<<<<

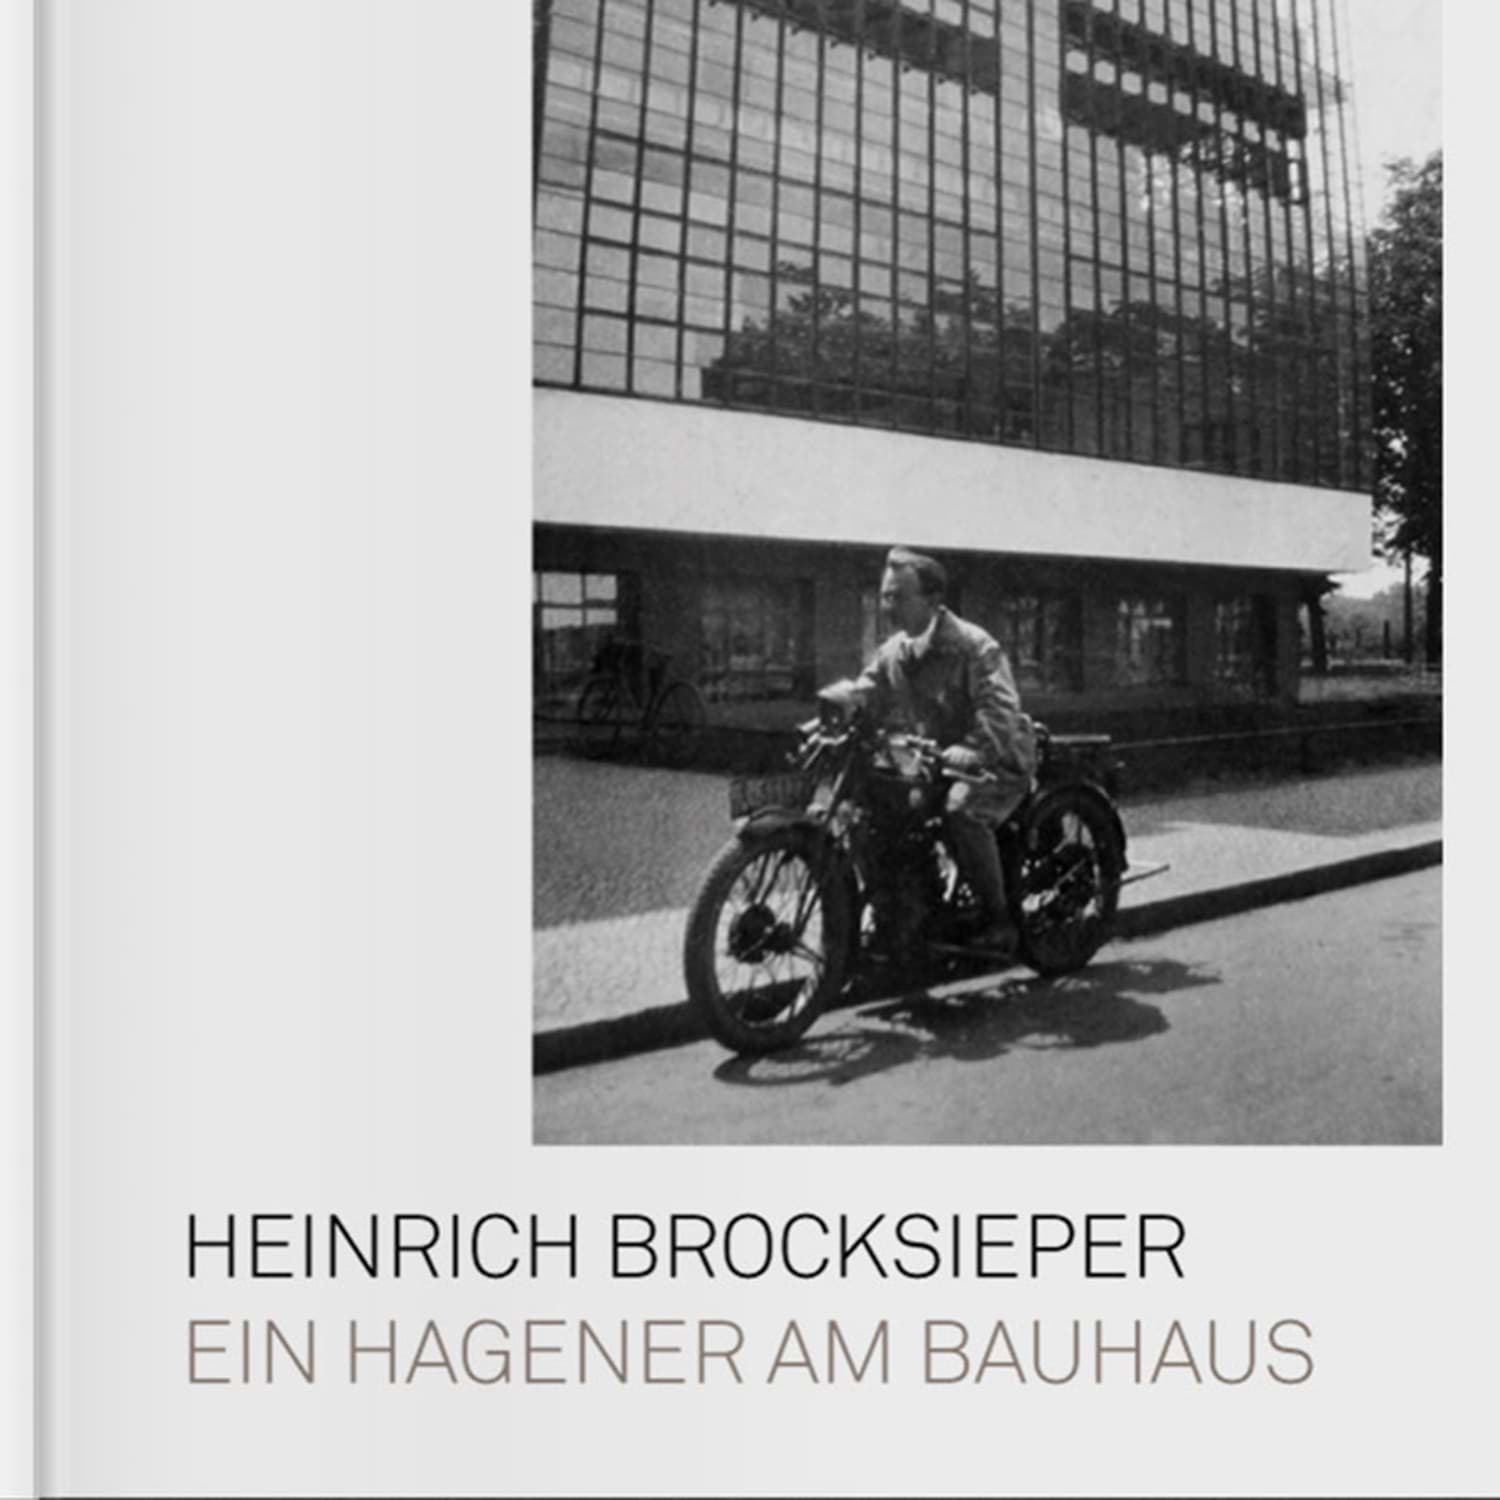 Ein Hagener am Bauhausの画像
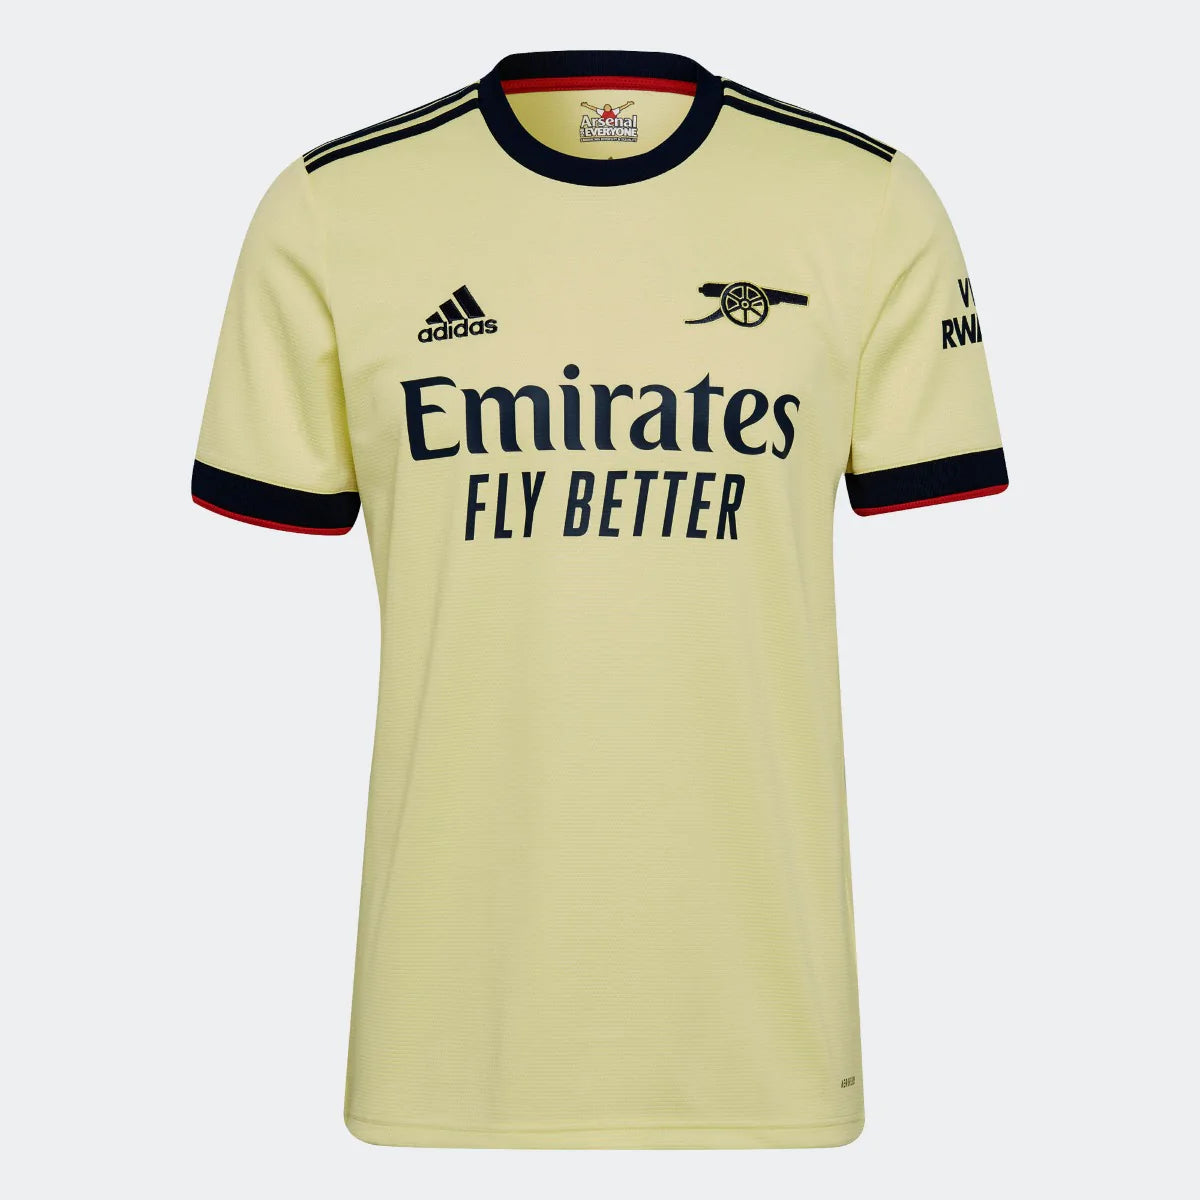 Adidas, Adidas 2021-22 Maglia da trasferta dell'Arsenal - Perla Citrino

>>>>
<<<<

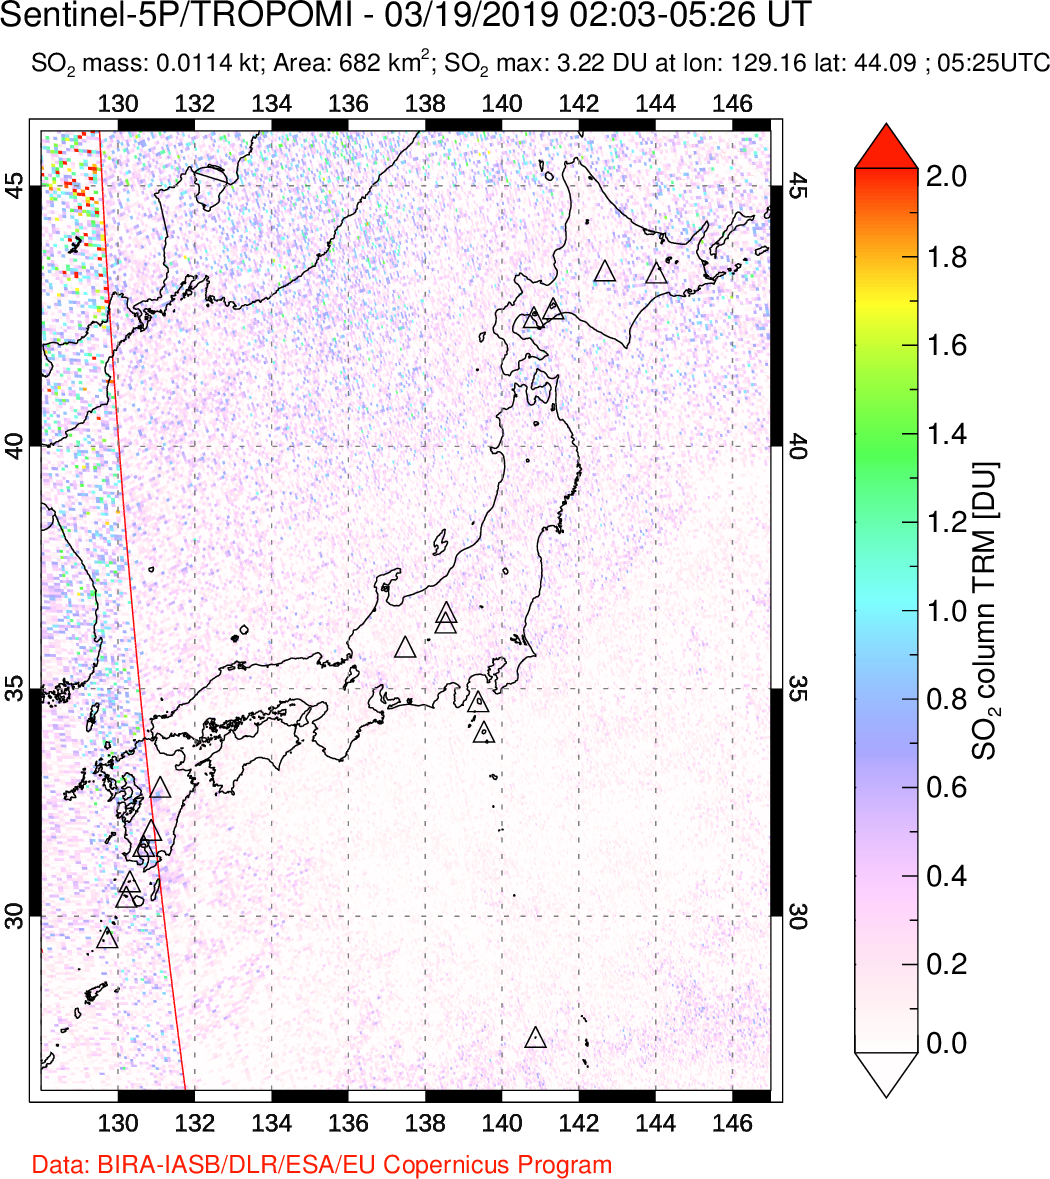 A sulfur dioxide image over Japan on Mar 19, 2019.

>>>>

What this task involves:
Excluding any pictures, print exactly the lines of the listing above from the line with "Ein Hagener am Bauhausの画像" to the line with "Adidas, Adidas 2021-22", both ends included.

Output of the exercise:
 Ein Hagener am Bauhausの画像
 Adidas, Adidas 2021-22 Maglia da trasferta dell'Arsenal - Perla Citrino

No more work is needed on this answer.